> Task requirements
Write out exactly the lines from the one with "Garrett College<br />" through the last line of the data below, but not the pictures.

Data section: Begin

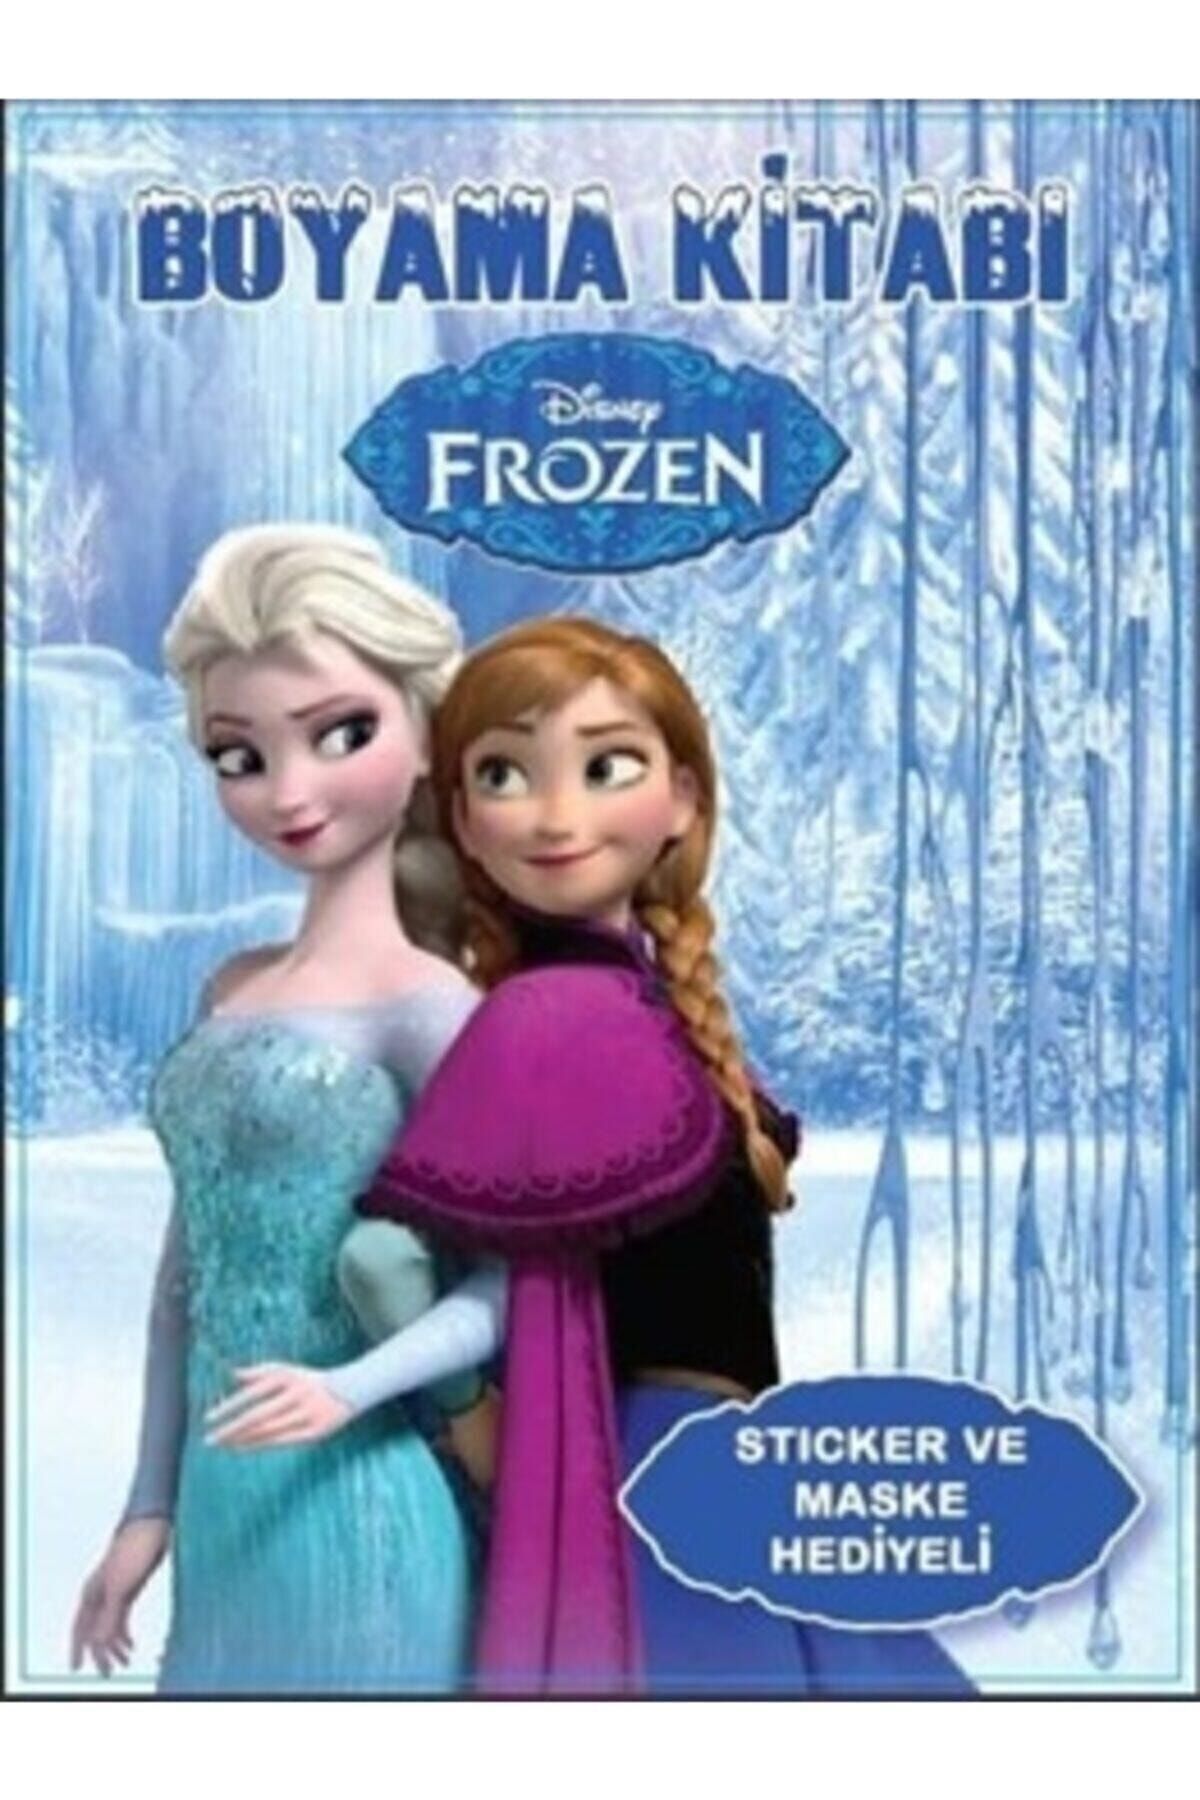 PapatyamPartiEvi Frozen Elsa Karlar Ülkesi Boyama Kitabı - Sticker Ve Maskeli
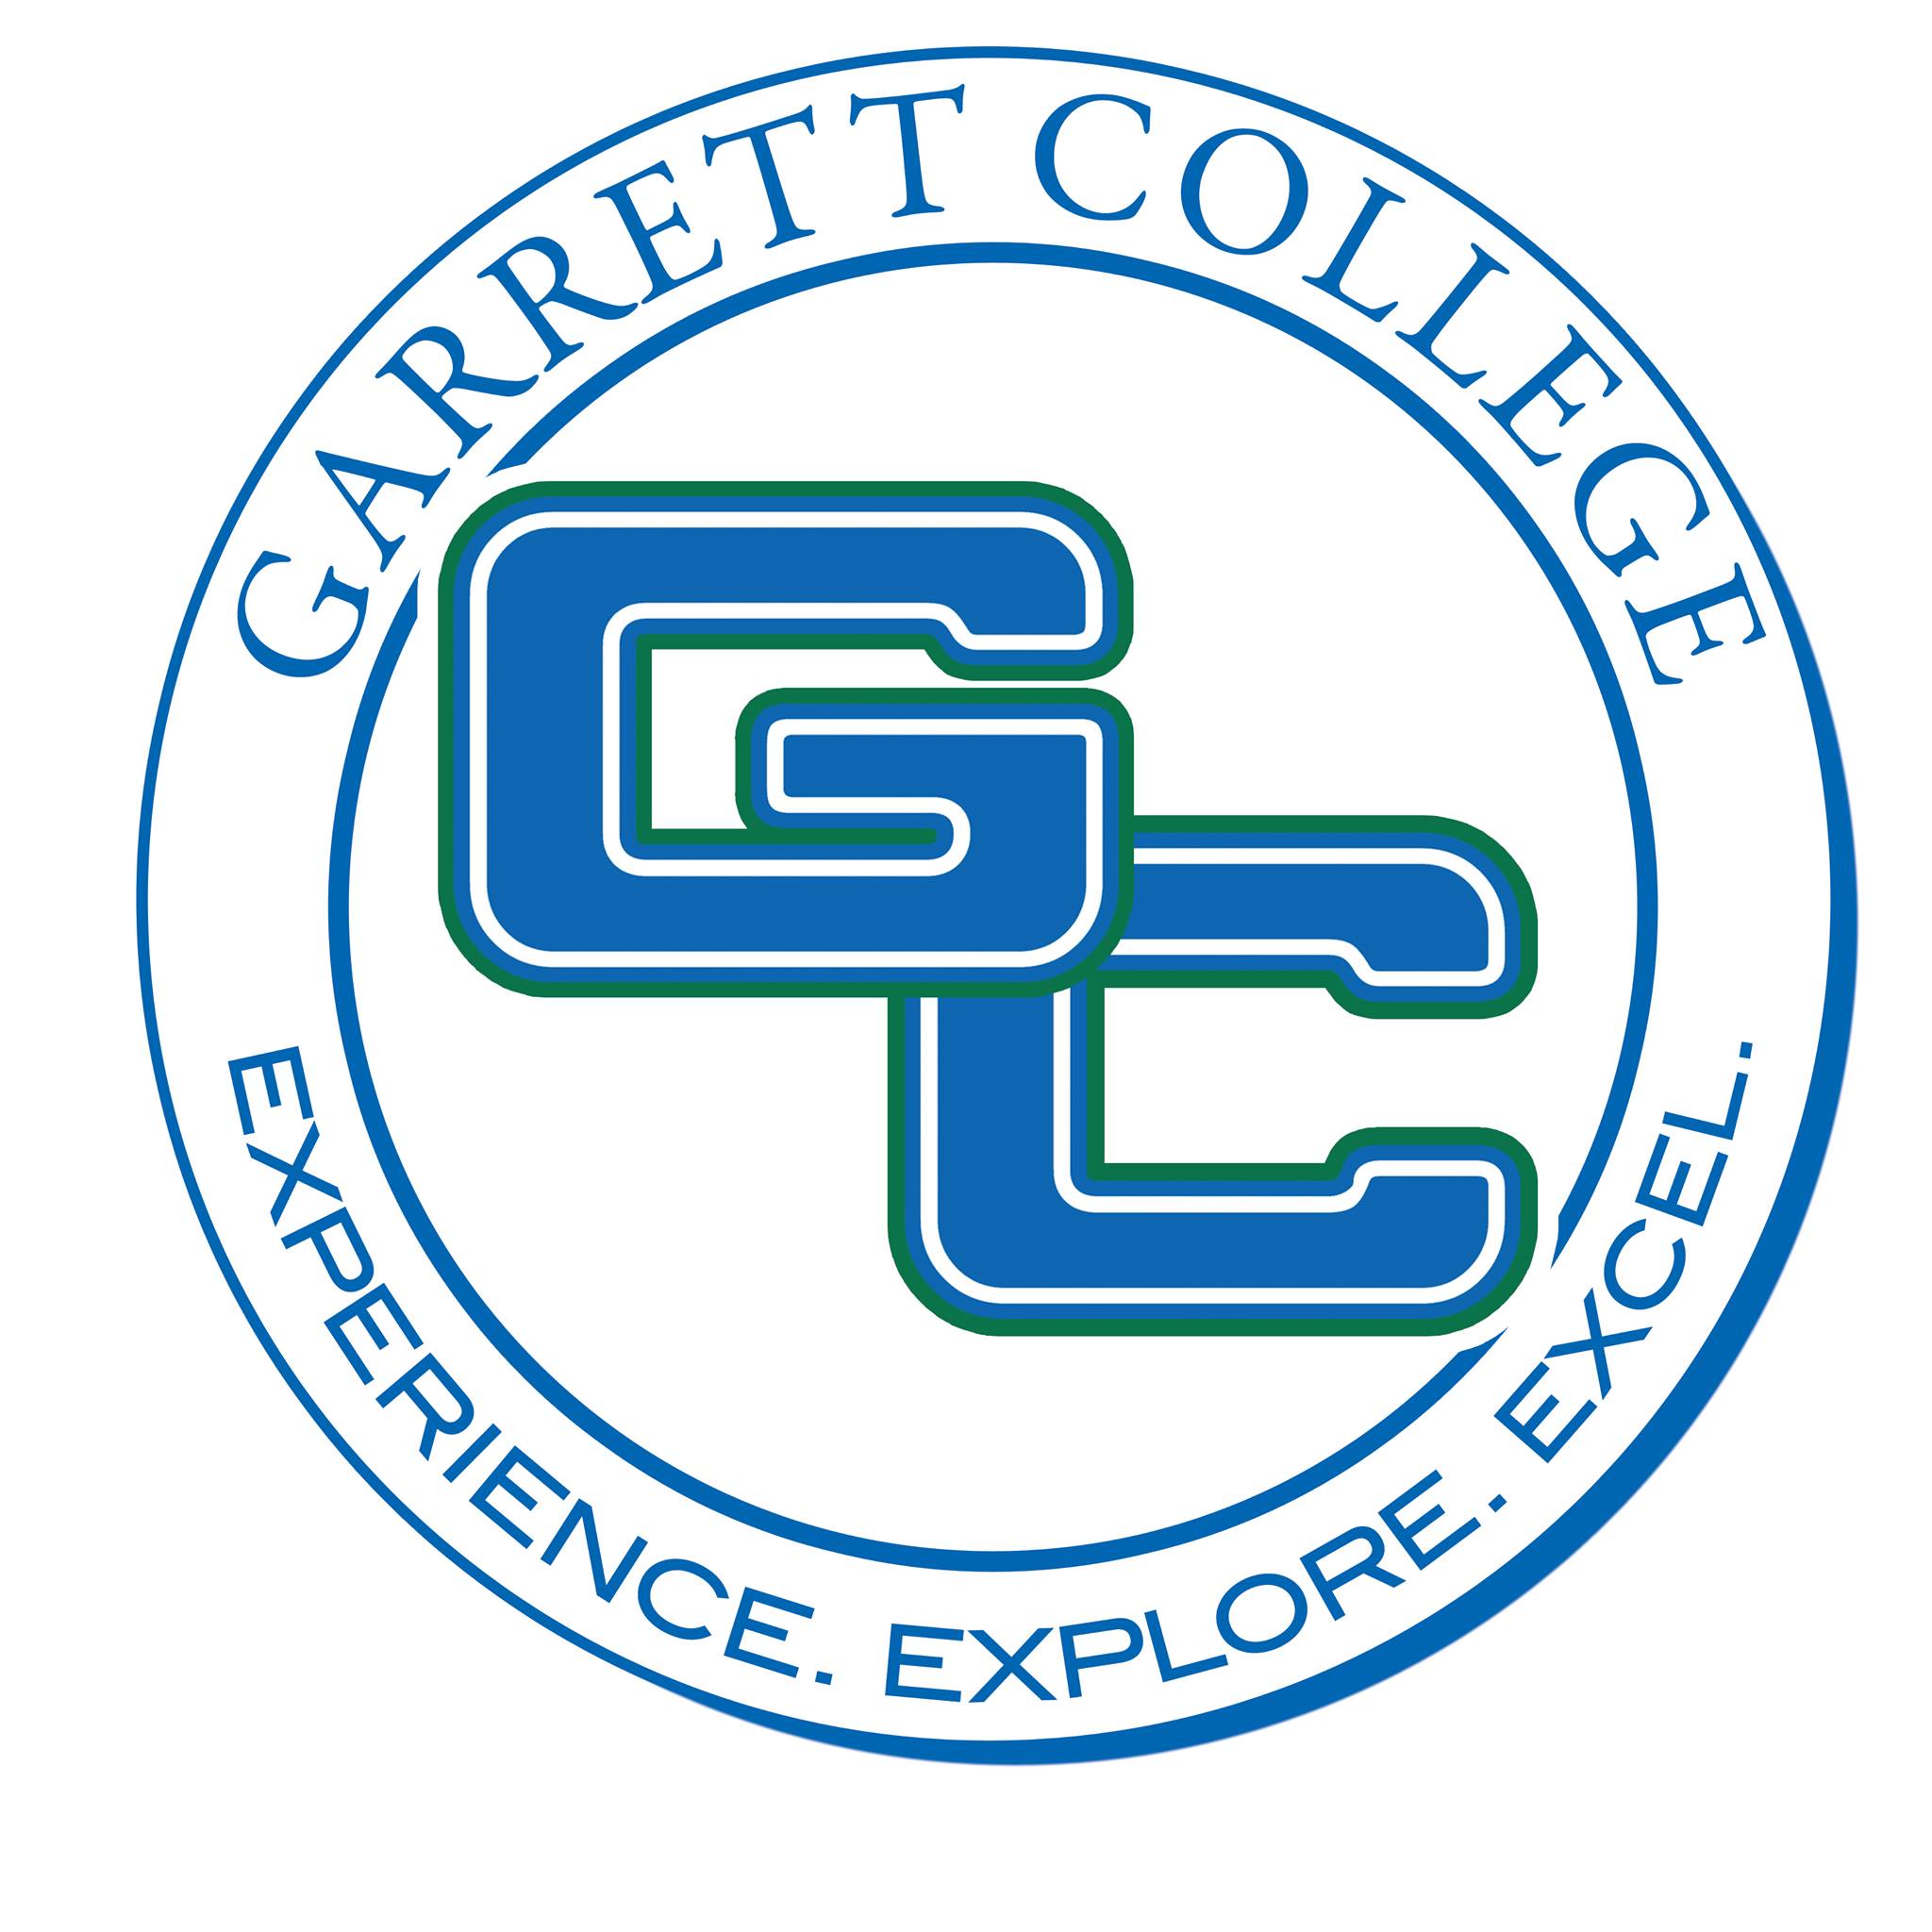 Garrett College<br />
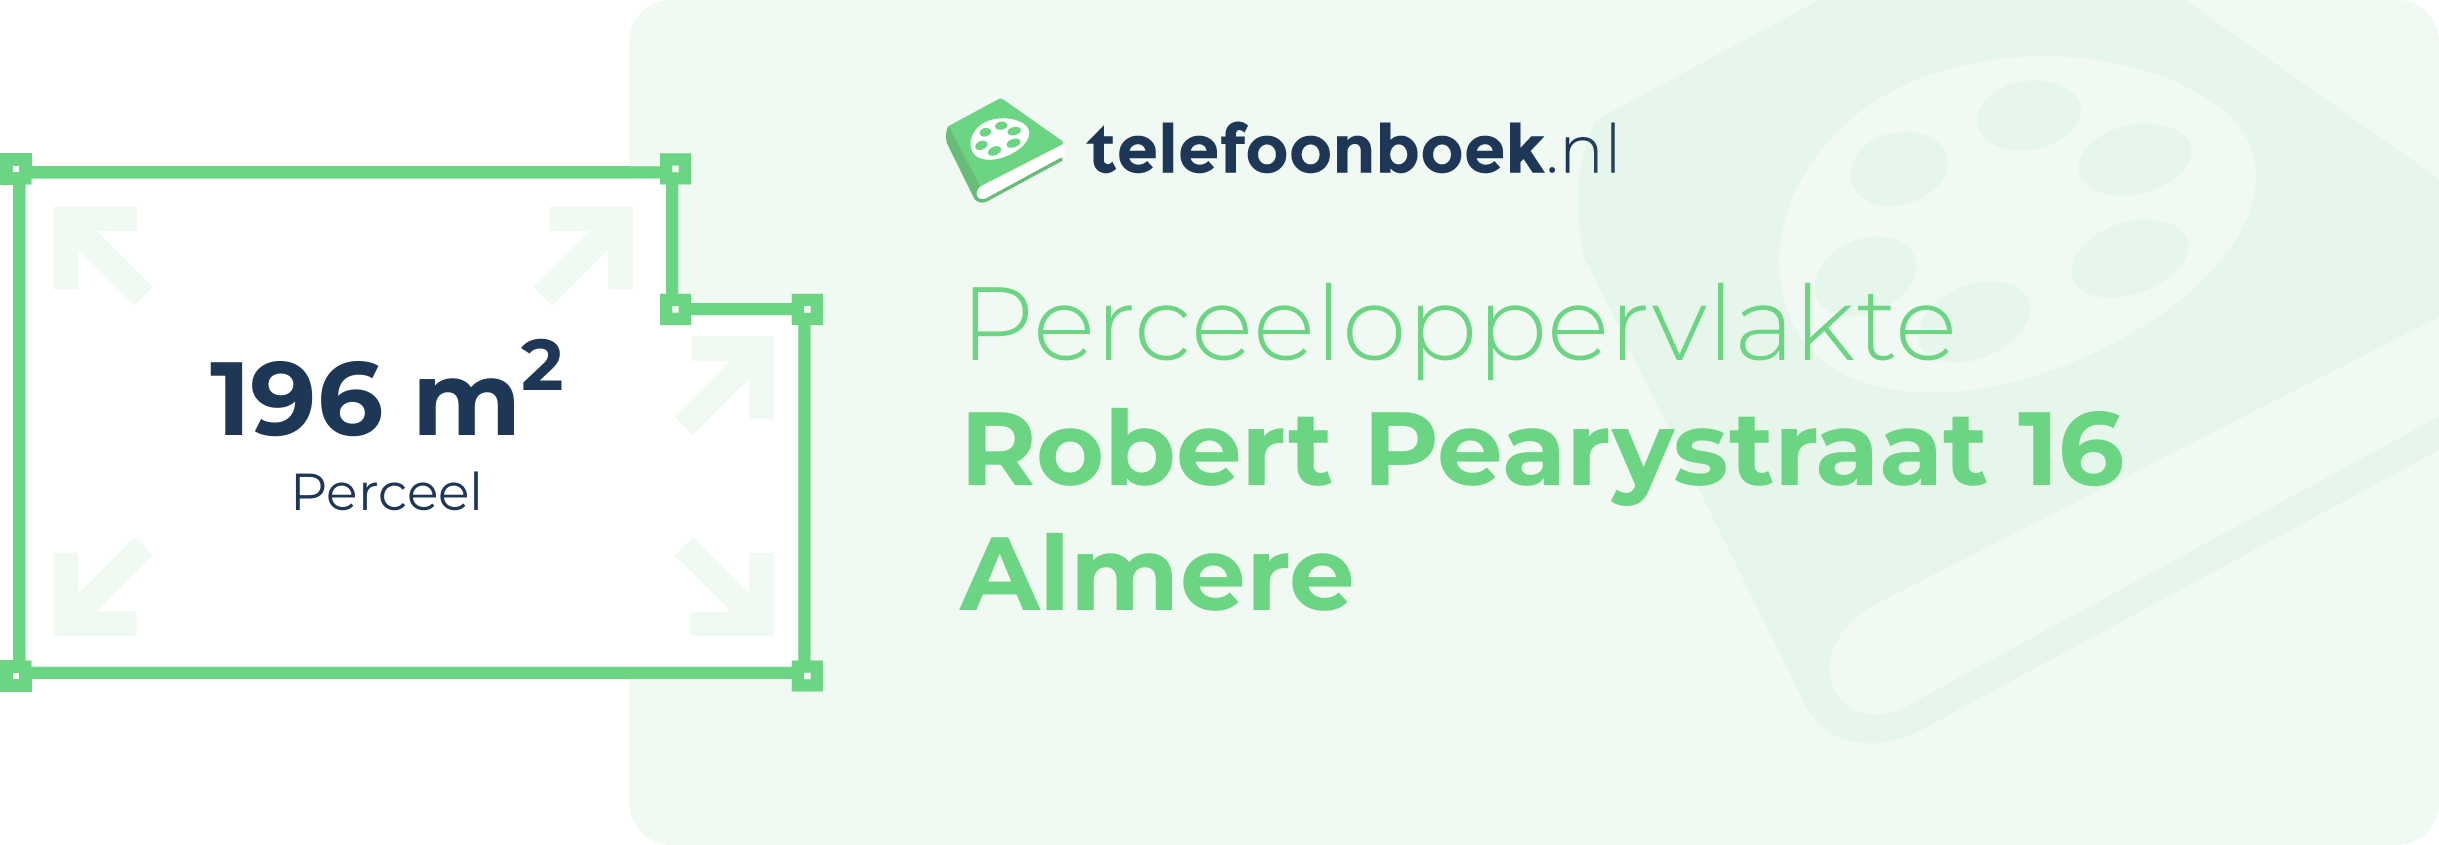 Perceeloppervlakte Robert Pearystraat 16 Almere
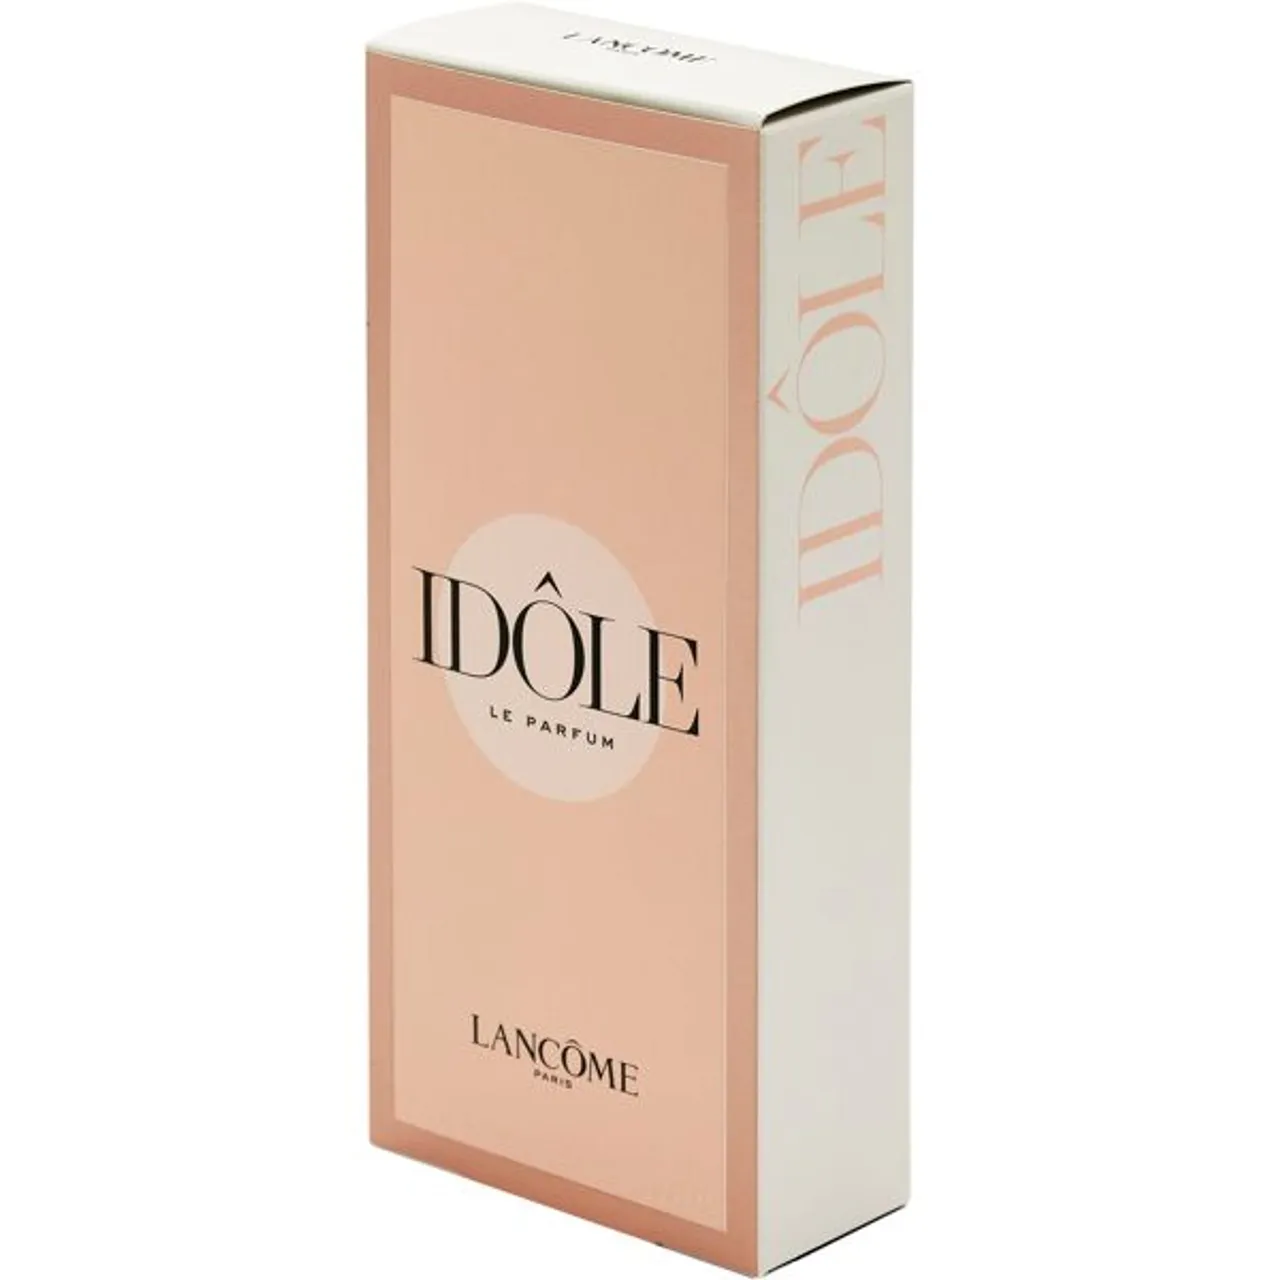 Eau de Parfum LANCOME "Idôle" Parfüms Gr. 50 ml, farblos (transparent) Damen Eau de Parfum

Data section: End

> Solution to this exercise
 Garrett College<br />
 Perceeloppervlakte Robert Pearystraat 16 Almere
 Eau de Parfum LANCOME "Idôle" Parfüms Gr. 50 ml, farblos (transparent) Damen Eau de Parfum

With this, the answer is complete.